My original intent for ofpbufs initialized with ofpbuf_use_stack() was that
the caller was providing enough space on the stack for the common case,
with dynamic allocation as a fallback. But in practice, none of the
clients actually do this. Instead, all of them actually know that the
stack-allocated buffer is big enough and, since they don't want to bother
with having to call ofpbuf_delete(), they instead assert that the buffer
wasn't reallocated.
Since this is a bit of a pain, this commit changes the semantics of
ofpbuf_use_stack() to be that the stack-allocated buffer cannot be
reallocated at all. This is more convenient for the existing clients.
Ben Pfaff [Wed, 30 Mar 2011 21:54:26 +0000 (14:54 -0700)]
datapath: Fix mysterious GRE-over-IPSEC problems.
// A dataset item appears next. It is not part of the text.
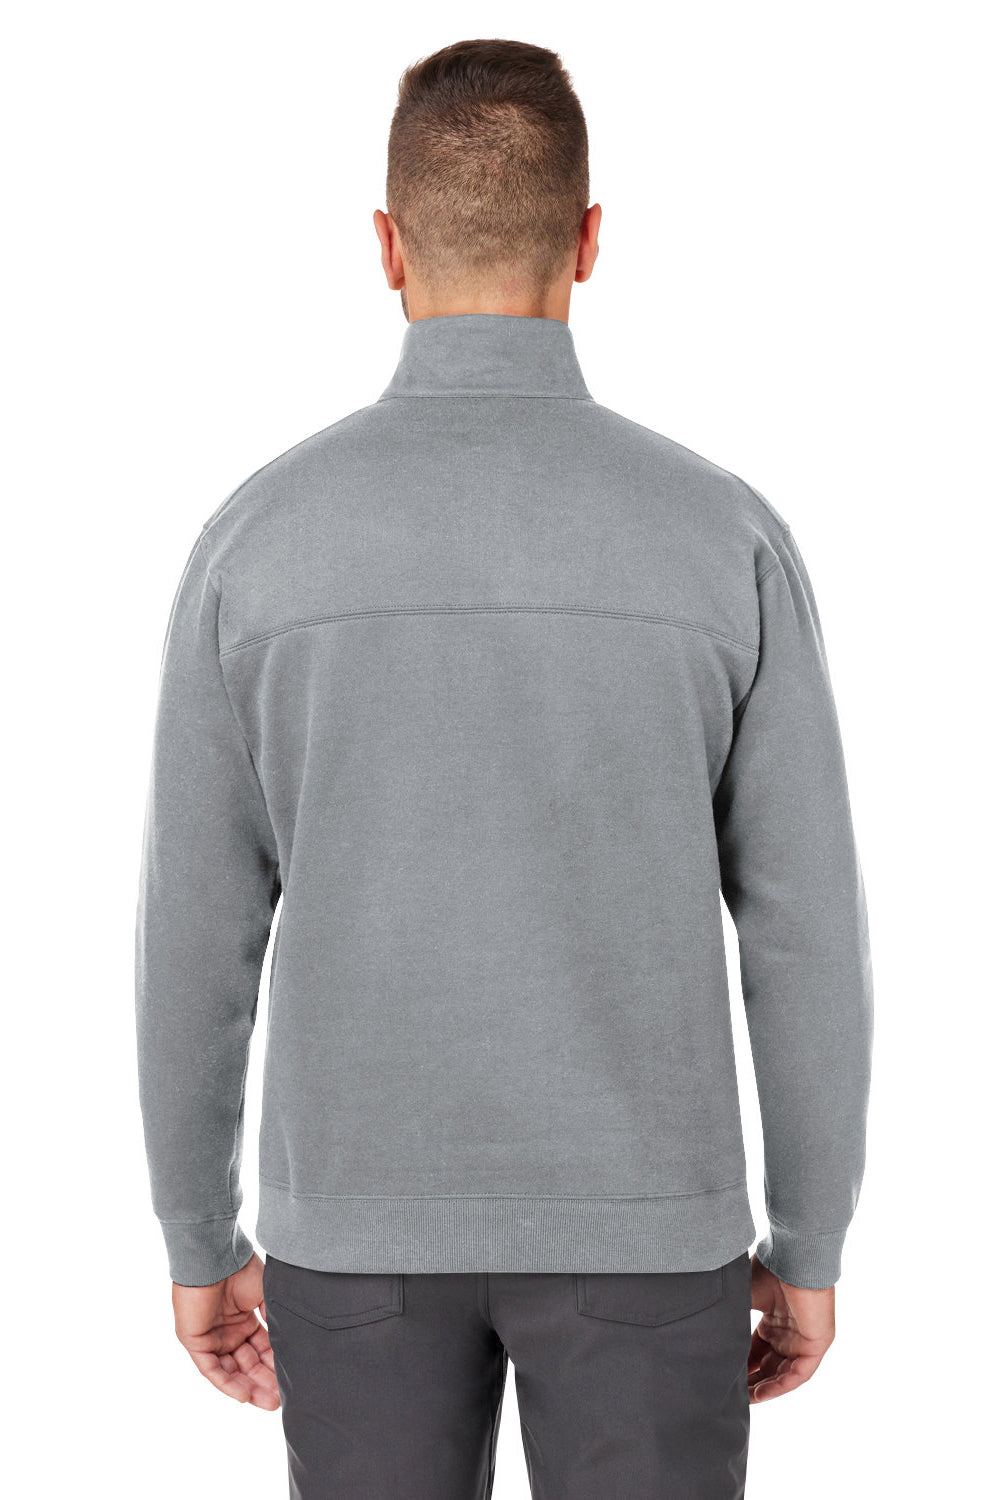 Columbia 1411621 Mens Hart Mountain Long Sleeve 1/4 Zip Sweater Heather Charcoal Grey Back

We've noticed that packets that go up to userspace and then back down to
the kernel and then enter an GRE tunnel that is then ESP encapsulated
by IPSEC end up with a bad ESP "next header" value: it ends up as zero
instead of 0x2f (IPPROTO_GRE). Just putting packets from userspace into
a freshly allocated skb fixes the problem.
The underlying problem that this works around is still unknown.
Signed-off-by: Ben Pfaff <blp@nicira.com> Acked-by: Jesse Gross <jesse@nicira.com>
Bug #4769.
Ben Pfaff [Mon, 28 Mar 2011 20:43:32 +0000 (13:43 -0700)]
timeval: Only log poll intervals longer than 50 ms.
When poll interval-based logging was introduced a long time, we were
actively interested in looking at almost every long poll interval. But
these days, with OVS working rather well, with pretty good latency, most
of the messages are red herrings that bother some administrators and
provoke false reports. So this commit suppresses all but the most
egregious long poll intervals that may in fact be worth looking at.
Ben Pfaff [Tue, 29 Mar 2011 17:08:16 +0000 (10:08 -0700)]
bridge: Always wait for MAC learning table and ports.
The test ofproto_has_primary_controller() is meaningless, since OFPP_NORMAL
can cause the MAC learning table and port bonding to be in use even when
there is a controller.
I see that this bug has been here since early 2009, when the OFPP_NORMAL
feature was introduced in the bridge. (Obviously it's not a severe
problem.)
Ben Pfaff [Mon, 28 Mar 2011 23:22:59 +0000 (16:22 -0700)]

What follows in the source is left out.